**TASK TO COMPLETE:** From the line with "1600x1000 — картинка №520859" through the line with "http://lenarevenko.com/blog/files/blog_08.jpg", repeat the entries verbatim, both end lines included, and add nothing.

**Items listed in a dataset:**
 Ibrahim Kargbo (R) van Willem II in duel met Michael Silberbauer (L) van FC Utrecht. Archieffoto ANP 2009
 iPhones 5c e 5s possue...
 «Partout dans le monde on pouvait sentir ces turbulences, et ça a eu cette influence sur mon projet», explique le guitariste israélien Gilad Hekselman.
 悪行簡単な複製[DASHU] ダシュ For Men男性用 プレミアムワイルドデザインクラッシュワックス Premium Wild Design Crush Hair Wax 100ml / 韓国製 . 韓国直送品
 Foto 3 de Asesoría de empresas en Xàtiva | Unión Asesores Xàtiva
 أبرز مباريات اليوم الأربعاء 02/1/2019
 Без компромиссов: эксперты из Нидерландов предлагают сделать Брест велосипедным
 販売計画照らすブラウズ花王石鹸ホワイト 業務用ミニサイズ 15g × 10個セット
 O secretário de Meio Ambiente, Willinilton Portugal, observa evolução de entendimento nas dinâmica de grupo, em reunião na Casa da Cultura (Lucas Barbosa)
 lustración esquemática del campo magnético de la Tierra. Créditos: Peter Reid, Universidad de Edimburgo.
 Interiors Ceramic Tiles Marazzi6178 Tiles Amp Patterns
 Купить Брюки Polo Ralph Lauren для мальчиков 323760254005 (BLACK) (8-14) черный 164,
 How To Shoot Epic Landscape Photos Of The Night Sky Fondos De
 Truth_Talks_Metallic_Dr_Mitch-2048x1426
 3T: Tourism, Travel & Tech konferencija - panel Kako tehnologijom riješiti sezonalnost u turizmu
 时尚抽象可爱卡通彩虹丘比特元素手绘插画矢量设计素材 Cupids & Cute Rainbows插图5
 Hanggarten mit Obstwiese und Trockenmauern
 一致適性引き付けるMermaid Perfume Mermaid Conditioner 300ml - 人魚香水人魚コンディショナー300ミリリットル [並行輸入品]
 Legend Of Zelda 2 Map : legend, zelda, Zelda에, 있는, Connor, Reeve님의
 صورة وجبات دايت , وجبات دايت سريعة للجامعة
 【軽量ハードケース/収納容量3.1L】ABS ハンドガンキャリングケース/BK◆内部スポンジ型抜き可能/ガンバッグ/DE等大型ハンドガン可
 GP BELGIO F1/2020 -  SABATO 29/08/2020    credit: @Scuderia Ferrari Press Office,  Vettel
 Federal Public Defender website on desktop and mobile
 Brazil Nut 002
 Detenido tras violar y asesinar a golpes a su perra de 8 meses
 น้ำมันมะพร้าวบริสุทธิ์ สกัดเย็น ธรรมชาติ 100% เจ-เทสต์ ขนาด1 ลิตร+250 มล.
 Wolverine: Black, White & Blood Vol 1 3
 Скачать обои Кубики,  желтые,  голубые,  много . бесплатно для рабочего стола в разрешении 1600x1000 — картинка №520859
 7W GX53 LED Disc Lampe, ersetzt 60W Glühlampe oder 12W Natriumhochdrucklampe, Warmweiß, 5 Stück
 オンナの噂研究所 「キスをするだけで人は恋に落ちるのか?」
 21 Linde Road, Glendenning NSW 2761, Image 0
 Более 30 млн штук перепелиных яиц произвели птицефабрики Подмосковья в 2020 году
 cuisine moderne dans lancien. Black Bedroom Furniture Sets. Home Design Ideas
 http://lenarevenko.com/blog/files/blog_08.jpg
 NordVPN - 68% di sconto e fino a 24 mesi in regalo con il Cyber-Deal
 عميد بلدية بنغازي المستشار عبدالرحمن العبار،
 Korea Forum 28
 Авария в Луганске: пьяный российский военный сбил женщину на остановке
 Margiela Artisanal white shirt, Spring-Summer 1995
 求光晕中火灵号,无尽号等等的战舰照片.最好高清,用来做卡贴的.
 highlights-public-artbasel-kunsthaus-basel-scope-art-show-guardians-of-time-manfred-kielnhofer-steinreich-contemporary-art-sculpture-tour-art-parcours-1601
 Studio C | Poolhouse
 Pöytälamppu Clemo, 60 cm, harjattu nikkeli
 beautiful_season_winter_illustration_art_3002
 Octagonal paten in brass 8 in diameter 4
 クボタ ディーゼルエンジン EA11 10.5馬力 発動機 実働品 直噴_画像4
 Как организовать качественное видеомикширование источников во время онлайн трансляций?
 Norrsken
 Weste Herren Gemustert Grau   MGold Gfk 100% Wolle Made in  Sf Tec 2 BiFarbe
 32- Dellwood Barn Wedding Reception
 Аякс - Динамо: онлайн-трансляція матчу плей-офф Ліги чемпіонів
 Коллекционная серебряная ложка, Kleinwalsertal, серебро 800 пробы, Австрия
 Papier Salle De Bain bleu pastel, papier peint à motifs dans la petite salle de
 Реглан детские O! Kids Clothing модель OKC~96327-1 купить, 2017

**SOLUTION:**
 Скачать обои Кубики,  желтые,  голубые,  много . бесплатно для рабочего стола в разрешении 1600x1000 — картинка №520859
 7W GX53 LED Disc Lampe, ersetzt 60W Glühlampe oder 12W Natriumhochdrucklampe, Warmweiß, 5 Stück
 オンナの噂研究所 「キスをするだけで人は恋に落ちるのか?」
 21 Linde Road, Glendenning NSW 2761, Image 0
 Более 30 млн штук перепелиных яиц произвели птицефабрики Подмосковья в 2020 году
 cuisine moderne dans lancien. Black Bedroom Furniture Sets. Home Design Ideas
 http://lenarevenko.com/blog/files/blog_08.jpg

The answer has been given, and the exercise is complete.